桂信子賞は女性俳人の活躍に対して贈られる…


 桂信子賞は女性俳人の活躍に対して贈られる賞で、今年1月に授与されたのは恩田侑布子さん。桂の関係資料を収蔵する兵庫県伊丹市の柿衞文庫で授賞式と記念講演会が開かれた。

 この時の講演を聴いた「藍生」主宰で同賞選考委員の黒田杏子(ももこ)さんは、恩田さんの言葉の才能と美貌に感動し、「聴いた人が少なく、もったいない」と、東京での講演会を準備した。

 「花と富士 日本の美と時間のパラドクス」と題して、その講演会が文京区の文京シビックセンターで「藍生」の主催で開かれた。発端は、2013年に恩田さんが評論集『余白の祭』で第23回ドゥマゴ文学賞を受賞したことだった。

 翌年にフランスでの講演の機会が与えられ、3都市で開催。「フランス人は俳句をよく知っているので、初心者向けではなく、突っ込んで専門的に話してほしい」という要望が伝えられた。

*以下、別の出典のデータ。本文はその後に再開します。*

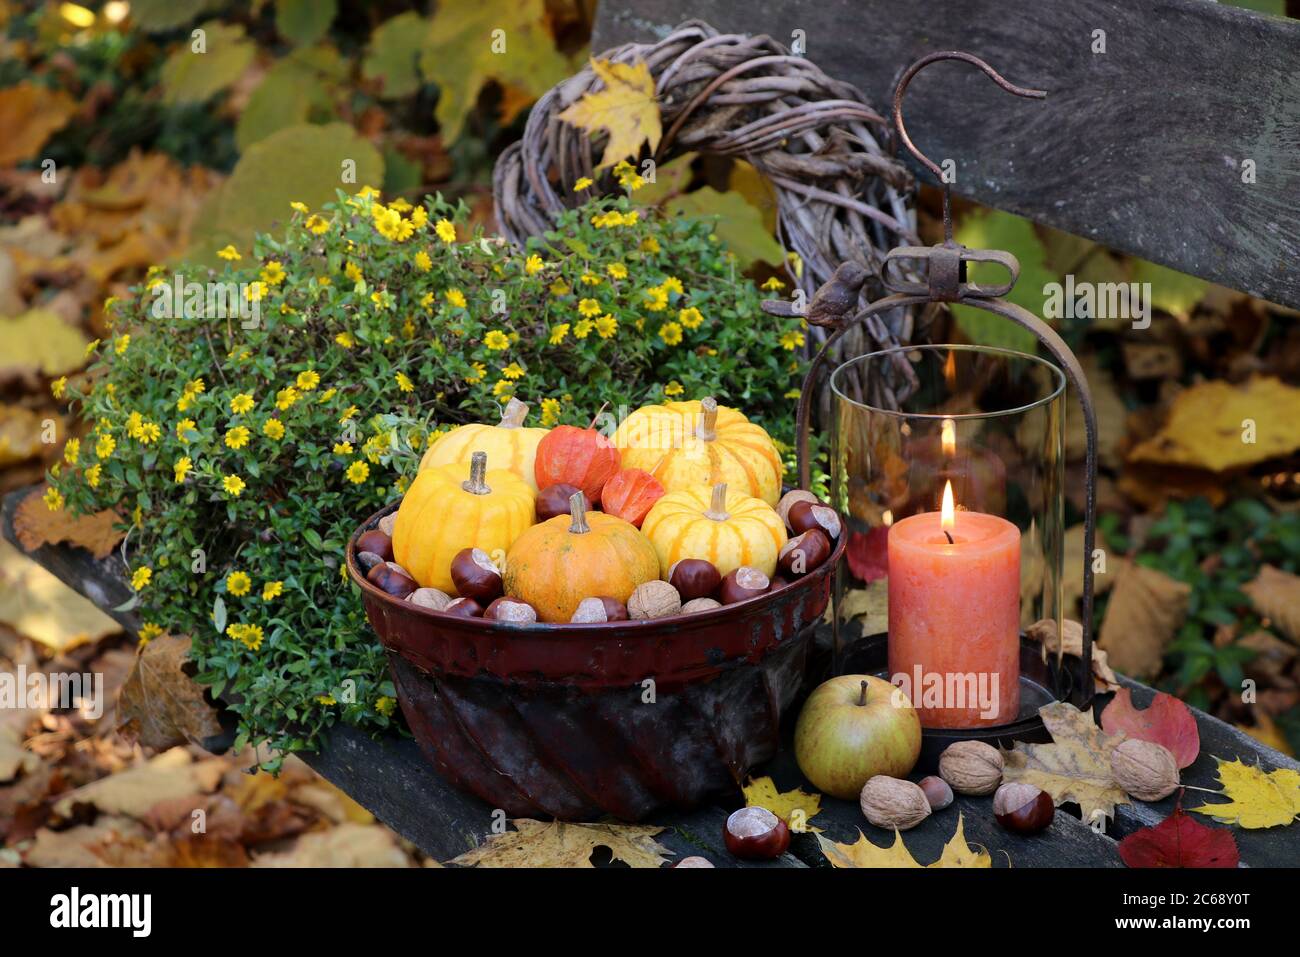 autumn garden decoration with pumpkins in old guglhupf mold, lantern and sanvitalia Stock Photo

 それに応えるように、恩田さんは俳句と東洋芸術の伝達者として自らを表現したのだった。フランス人に対するのと同じ趣旨で語ったのが今度の講演会。自作の朗読はフランス語と日本語とで行った。

 恩田さんは静岡市葵区吉津に暮らしていて、四季を通して見ているのが富士山だ。この日本一の山とサクラを題材に、儚(はかな)いものに永遠を見る日本人の特異な時間感覚や、余白について語った。「東洋の精神がフランスでは待たれていたのです」という。世界から関心を持たれている日本の美学である。